Oh, good. Can she conjure objects inside things? She focuses on the interior of her pillow and focuses on the marble again.

Permalink

That feels like she meets resistance when the marble finally reaches the exit point of the magic. Incredibly strong resistance. Maybe not utterly impassable, but beyond her current strength.

Permalink
Doesn't keep her from trying, but eventually she has to give up even with her stubbornness.

She practices with more complex objects until she can't focus well around the pain any more and then she pulls the flower out and screams into her pillow and then she lies there crying for a little while, because ow.
Permalink
Emily's concerned, but Edie...probably...won't do anything she'll regret in the long term, and unless it gets worse than this she probably won't be able to dissuade her.

Practicing healing isn't easy, since neither of them are inclined to self-injury in ways not involving flowers, but she can brush a hand over her sister's forehead if it looks like she'll be crying long enough for a dehydration headache.

And she puts on her own black flower (ow, but she can handle it better) and practices her own conjurations. She started sooner, focuses better around pain, and is more invested in the results--she can already do things significantly more complicated than a chess knight. She conjures a piece of sapphire in the shape of a rose, and concentrates on making it last.
Permalink
The lifespan of the object is set when it emerges from the magic, and it's not immediately clear how to change that lifespan.

However, she might eventually notice that there's a moment just before the object leaves the magic and enters reality where its eventual lifespan is perceptible. And if she holds it there and fiddles with it, she can make it last longer (or shorter) once it's out. The rotation that lengthens the span makes the object more 'slippery', harder to hold onto and maneuver, and also puts it under increasing tension: if she loses her grip it'll unwind rapidly back down to a short-lifespan state. If she's particularly unlucky or managed to wind it particularly far, it might even spin all the way down to a lifespan of zero and disappear before she can grab it again.
Permalink

Tricky. But she has time to practice, and frankly, this is easier than learning to draw. If she varies the characteristics of the object, will that affect how difficult it is to hold onto?

Permalink
Yes. The metaphor breaks down a little here: the simpler an object, the less likely it is to 'catch' on the magic (or 'squeeze' with volume or 'drag' with mass or material complexity), the easier it is to hold onto when she's applying the final twist.

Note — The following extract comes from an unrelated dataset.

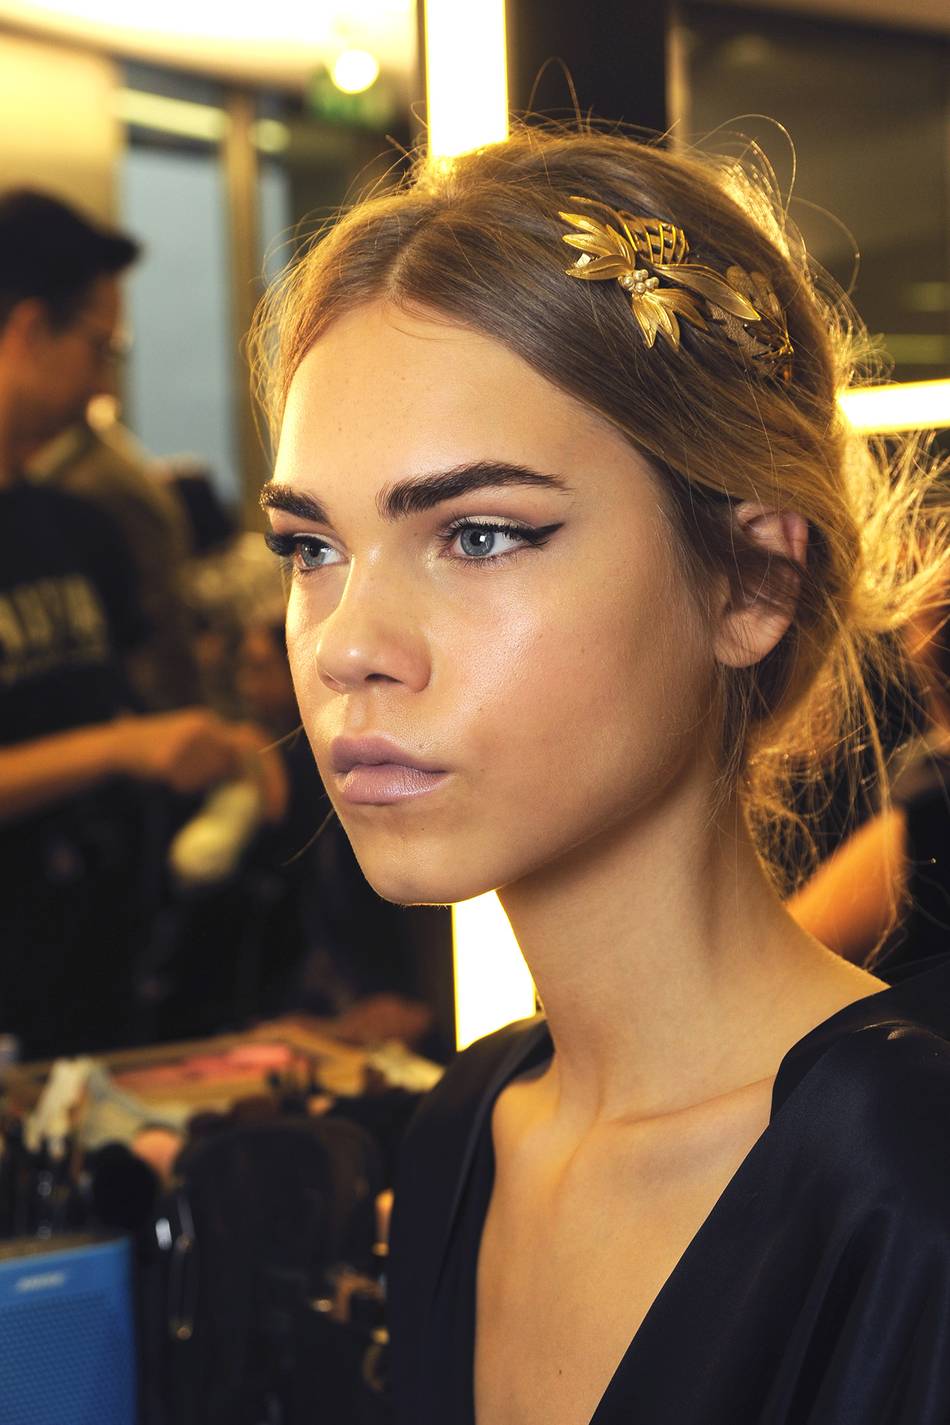 The Italian label's new make-up collection is inspired by its Fall/Winter 2015/2016 catwalk presentation

If she works at it, she can get a simple object to last for a whole hour, maybe even two. The secret of permanency is not yet obvious.
Permalink
Well, of course not. Cass and Anna have had the flowers for how long and Anna can't do it? It's not going to be that easy. That's fine. She's an artist. She knows that beautiful things take time.

Once she gets it up to an hour she works on getting progressively more complex objects to last that long.
Permalink

It's tricky, and it stays tricky, but the 'strength' and 'dexterity' of her mental grip are improving, and the 'size' of the aperture in the magic might be growing a bit too.

Permalink
Excellent.

And by this point it is time to get to bed. She evaluates her current pain level, determines that she can probably get to sleep like this, and doesn't bother taking out either of the flowers she's wearing for the night. In the morning she dresses in clothes calculated to hide the flowers, takes shameless advantage of the grace bonus her pink rose gives her in her art class, socializes with her sister and various acquaintances--

and shuts herself in their room again for more practice. This is the most interesting thing to happen to her for ages.

She doesn't really want to peel the black rose out of her system yet, and really, it's the one that seems to get the most good out of active practice. Twist twist twist how much more duration can she squeeze out of a glass marble before she goes back to scaling to greater complexity.